Re: [PATCH v4] CPU hotplug: active_writer not woken up in some cases - deadlock

From: Paul E. McKenney
Date: Wed Dec 10 2014 - 11:12:36 EST


On Wed, Dec 10, 2014 at 02:26:19PM +0100, David Hildenbrand wrote:
> > Commit b2c4623dcd07 ("rcu: More on deadlock between CPU hotplug and expedited
> > grace periods") introduced another problem that can easily be reproduced by
> > starting/stopping cpus in a loop.
> >
> > E.g.:
> > for i in `seq 5000`; do
> > echo 1 > /sys/devices/system/cpu/cpu1/online
> > echo 0 > /sys/devices/system/cpu/cpu1/online
> > done
> >
> > Will result in:
> > INFO: task /cpu_start_stop:1 blocked for more than 120 seconds.
> > Call Trace:
> > ([<00000000006a028e>] __schedule+0x406/0x91c)
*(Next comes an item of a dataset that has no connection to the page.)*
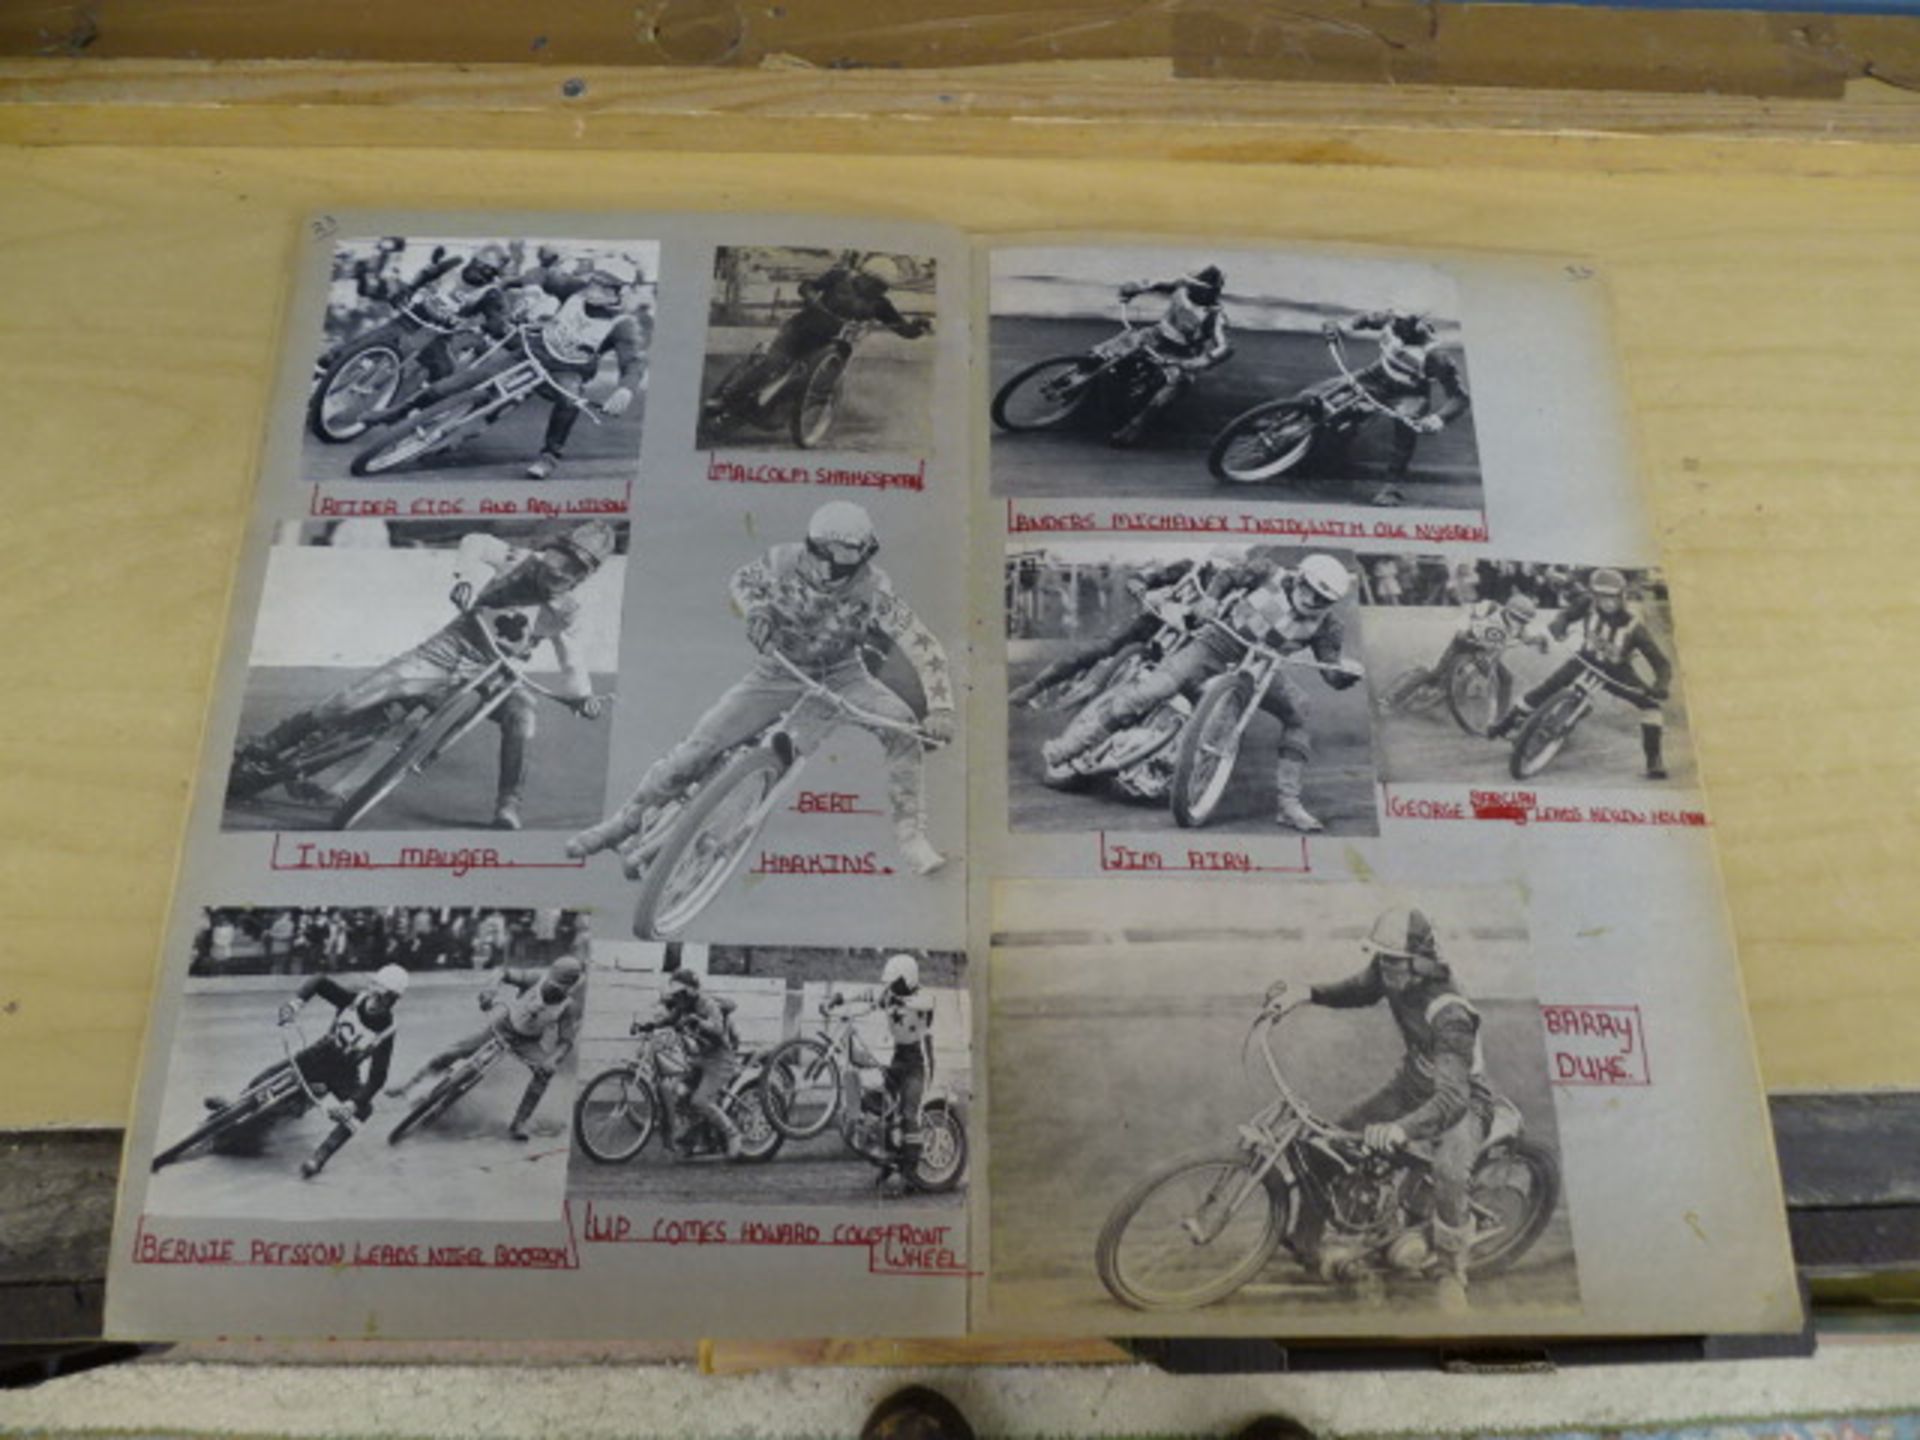 1971 Speedway scrapbook - Image 14 of 21

> > [<0000000000130f60>] cpu_hotplug_begin+0xd0/0xd4
> > [<0000000000130ff6>] _cpu_up+0x3e/0x1c4
> > [<0000000000131232>] cpu_up+0xb6/0xd4
> > [<00000000004a5720>] device_online+0x80/0xc0
> > [<00000000004a57f0>] online_store+0x90/0xb0
> > ...
> >
> > And a deadlock.
> >
> > Problem is that if the last ref in put_online_cpus() can't get the
> > cpu_hotplug.lock the puts_pending count is incremented, but a sleeping
> > active_writer might never be woken up, therefore never exiting the loop in
> > cpu_hotplug_begin().
> >
> > This fix removes puts_pending and turns refcount into an atomic variable. We
> > also introduce a wait queue for the active_writer, to avoid possible races and
> > use-after-free. There is no need to take the lock in put_online_cpus() anymore.
> >
> > Also rearrange the lockdep anotations so we won't get false positives.
> >
> > Can't reproduce it with this fix.
> >
> > Signed-off-by: David Hildenbrand <dahi@xxxxxxxxxxxxxxxxxx>
> > ---
> > kernel/cpu.c | 60 ++++++++++++++++++++++++++----------------------------------
> > 1 file changed, 26 insertions(+), 34 deletions(-)
> >
> > diff --git a/kernel/cpu.c b/kernel/cpu.c
> > index 5d22023..3f1d5ba 100644
> > --- a/kernel/cpu.c
> > +++ b/kernel/cpu.c
> > @@ -58,22 +58,23 @@ static int cpu_hotplug_disabled;
> >
> > static struct {
> > struct task_struct *active_writer;
> > - struct mutex lock; /* Synchronizes accesses to refcount, */
> > + /* wait queue to wake up the active_writer */
> > + wait_queue_head_t wq;
> > + /* verifies that no writer will get active while readers are active */
> > + struct mutex lock;
> > /*
> > * Also blocks the new readers during
> > * an ongoing cpu hotplug operation.
> > */
> > - int refcount;
> > - /* And allows lockless put_online_cpus(). */
> > - atomic_t puts_pending;
> > + atomic_t refcount;
> >
> > #ifdef CONFIG_DEBUG_LOCK_ALLOC
> > struct lockdep_map dep_map;
> > #endif
> > } cpu_hotplug = {
> > .active_writer = NULL,
> > + .wq = __WAIT_QUEUE_HEAD_INITIALIZER(cpu_hotplug.wq),
> > .lock = __MUTEX_INITIALIZER(cpu_hotplug.lock),
> > - .refcount = 0,
> > #ifdef CONFIG_DEBUG_LOCK_ALLOC
> > .dep_map = {.name = "cpu_hotplug.lock" },
> > #endif
> > @@ -86,15 +87,6 @@ static struct {
> > #define cpuhp_lock_acquire() lock_map_acquire(&cpu_hotplug.dep_map)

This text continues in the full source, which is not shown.